Foram descobertas vulnerabilidades críticas de bypass de autenticação SAML (CVE-2025-25291 + CVE-2025-25292) no ruby-saml, em versões até a 1.17.0. A falha permite que atacantes, com uma única assinatura válida criada com a chave de validação de respostas SAML, construam declarações SAML e acessem contas de qualquer usuário, representando um risco significativo de account takeover. A atualização para a versão 1.18.0 é crucial, assim como a atualização de bibliotecas que utilizam ruby-saml.
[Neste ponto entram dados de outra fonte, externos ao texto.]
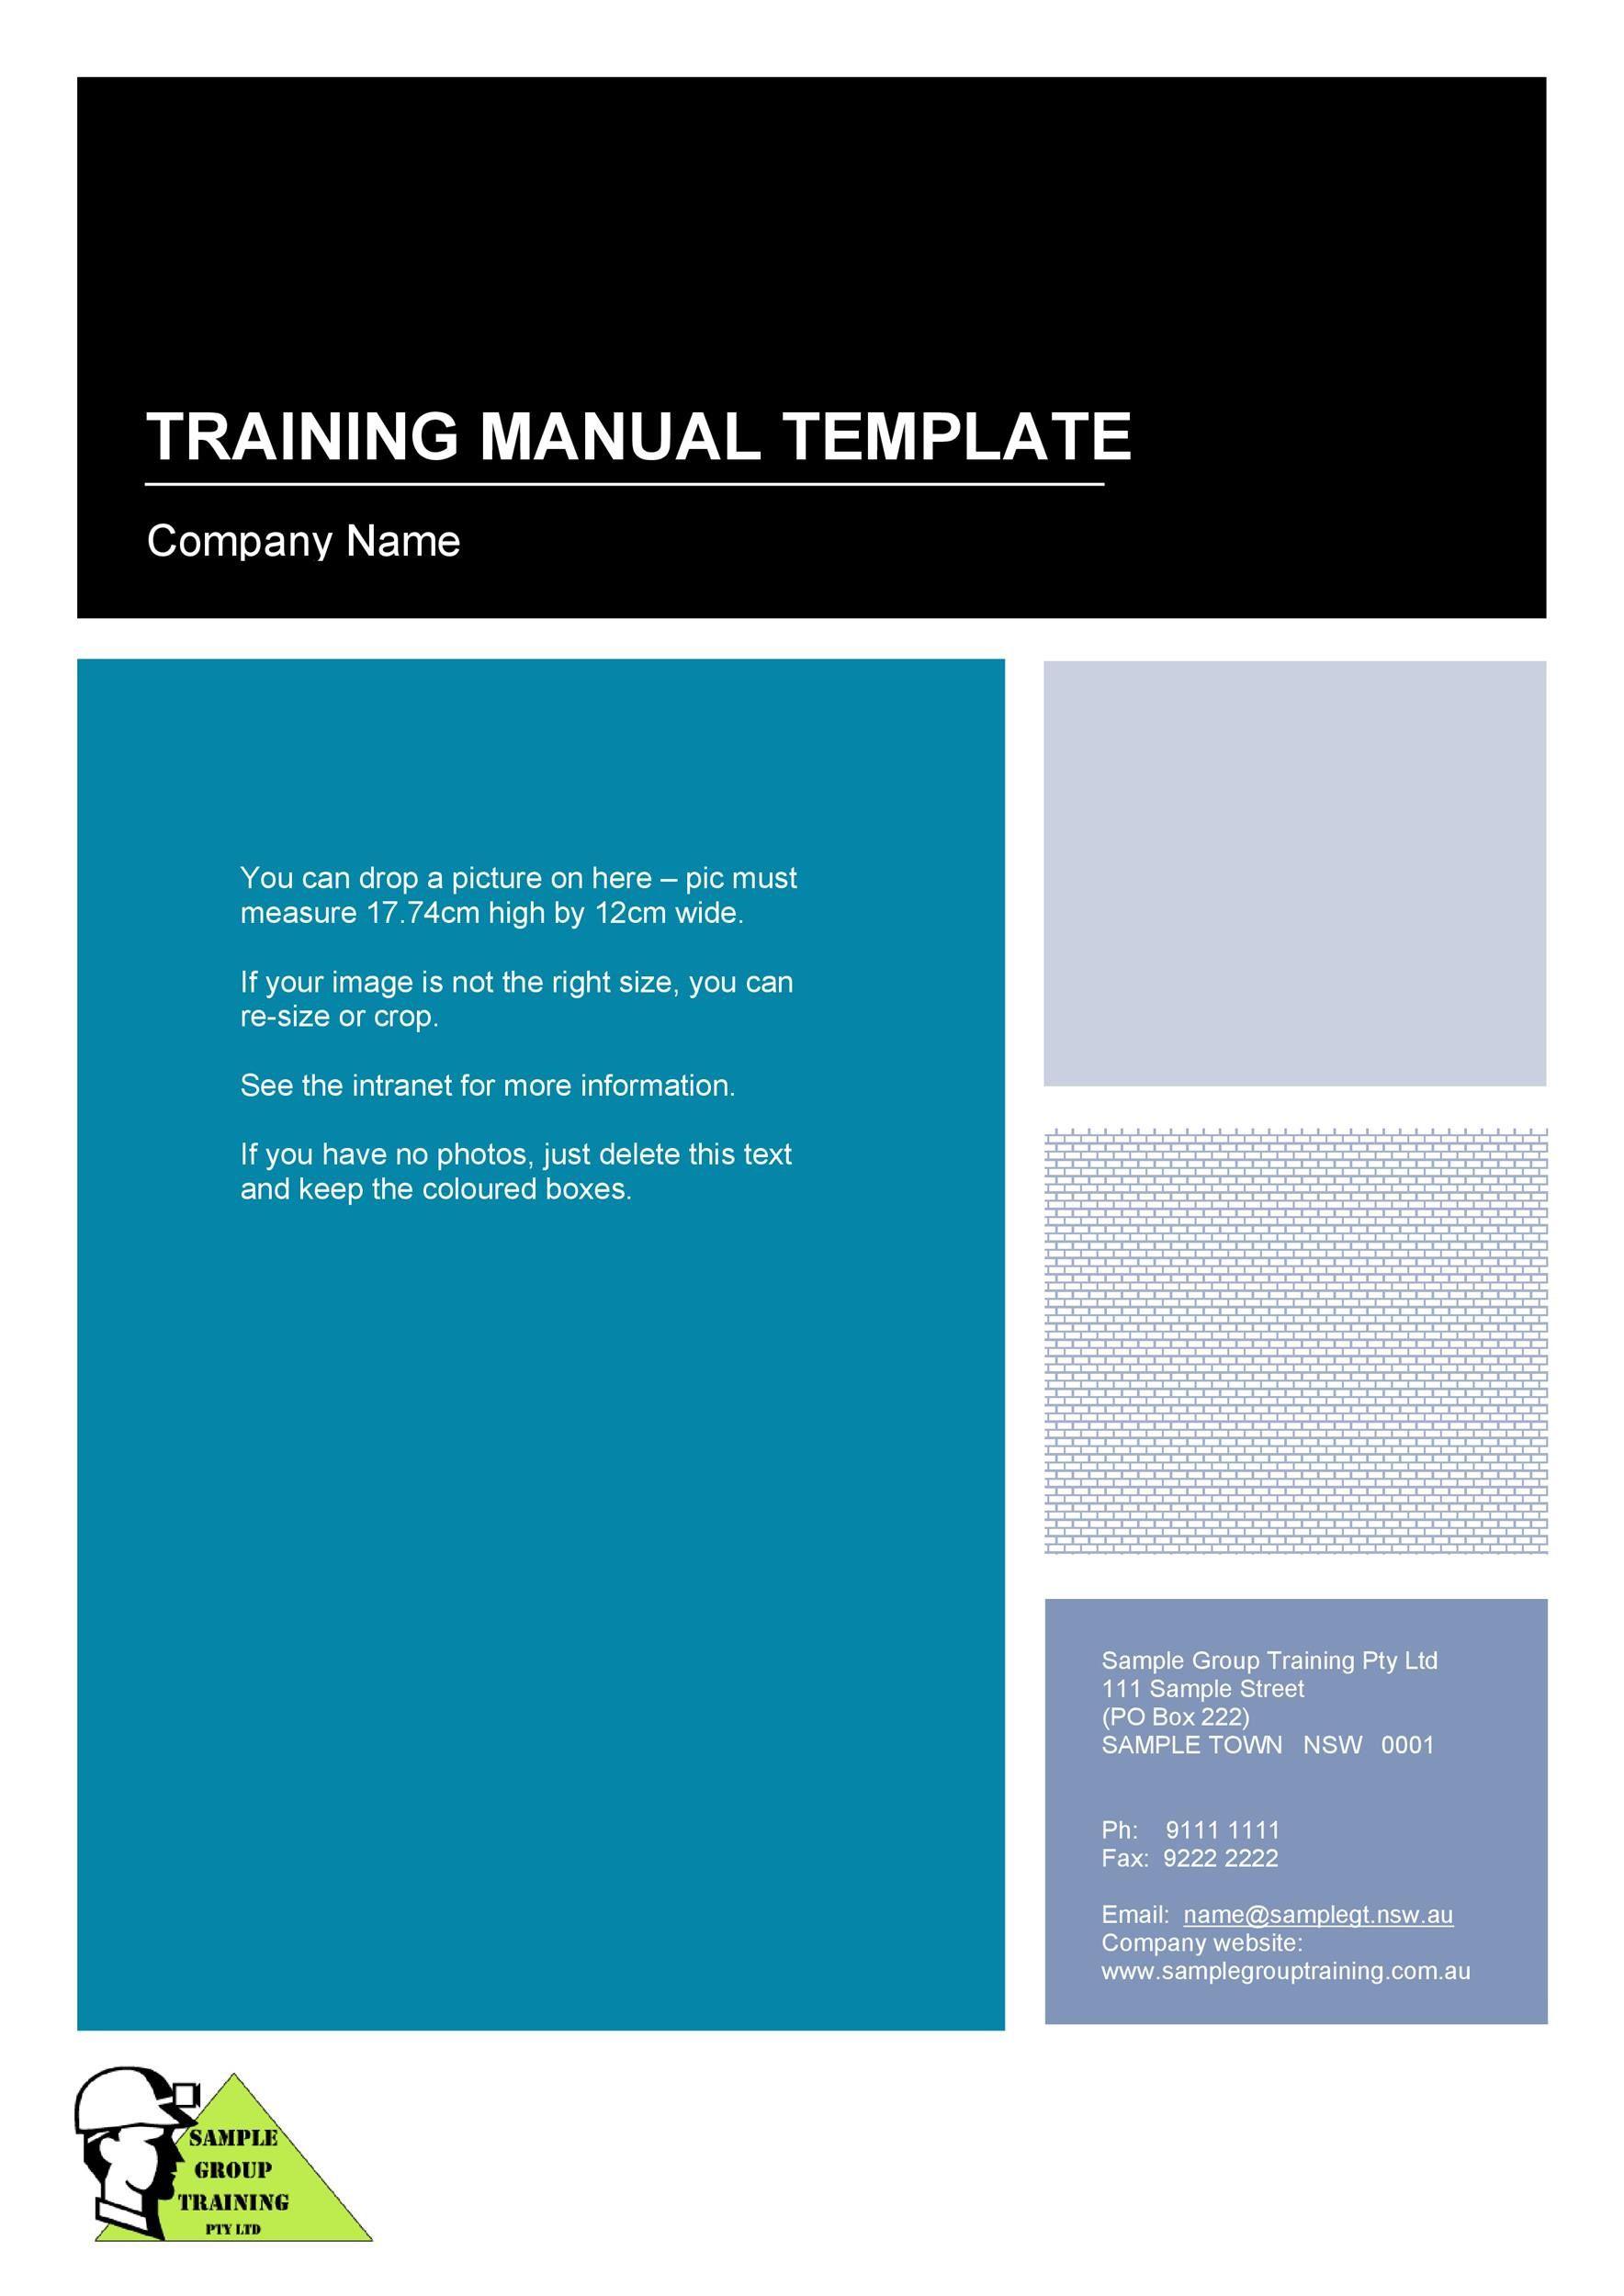 009 Excellent Free Employee Handbook Template Word High Def  Sample In Training ManualFull

Este artigo detalha as vulnerabilidades recém-descobertas na biblioteca ruby-saml, usada para single sign-on (SSO) via SAML no lado do provedor de serviços (aplicativo). O GitHub não utiliza ruby-saml para autenticação atualmente, mas avaliava a biblioteca para autenticação SAML de código aberto. A vulnerabilidade foi encontrada no GitLab, cuja equipe de segurança foi notificada.
O GitHub usou a biblioteca ruby-saml até 2014, migrando para uma implementação própria devido à falta de recursos. Após relatos de vulnerabilidades na implementação própria, como a CVE-2024-9487, o GitHub reavaliou o uso do ruby-saml. Em outubro de 2024, uma vulnerabilidade de authentication bypass (CVE-2024-45409) foi descoberta por ahacker1. O GitHub iniciou um programa de bug bounty para avaliar a segurança da biblioteca ruby-saml, concedendo acesso a ambientes de teste e revisando a superfície de ataque.
Durante a revisão de código, tanto ahacker1 quanto eu notamos que o ruby-saml utilizava dois parsers XML diferentes durante a verificação de assinatura: REXML e Nokogiri. REXML é implementado em Ruby, enquanto Nokogiri oferece uma API para bibliotecas como libxml2. Nokogiri foi adicionado para suportar a canonicalização e outras funcionalidades não suportadas pelo REXML.
Na função validate_signature
em xml_security.rb
, o elemento de assinatura é lido primeiro com REXML e depois com o parser XML do Nokogiri. Se fosse possível enganar REXML e Nokogiri para recuperarem diferentes elementos de assinatura para a mesma consulta XPath, poderíamos induzir o ruby-saml a verificar a assinatura errada. Isso indicava um potencial bypass de autenticação SAML devido a um parser differential.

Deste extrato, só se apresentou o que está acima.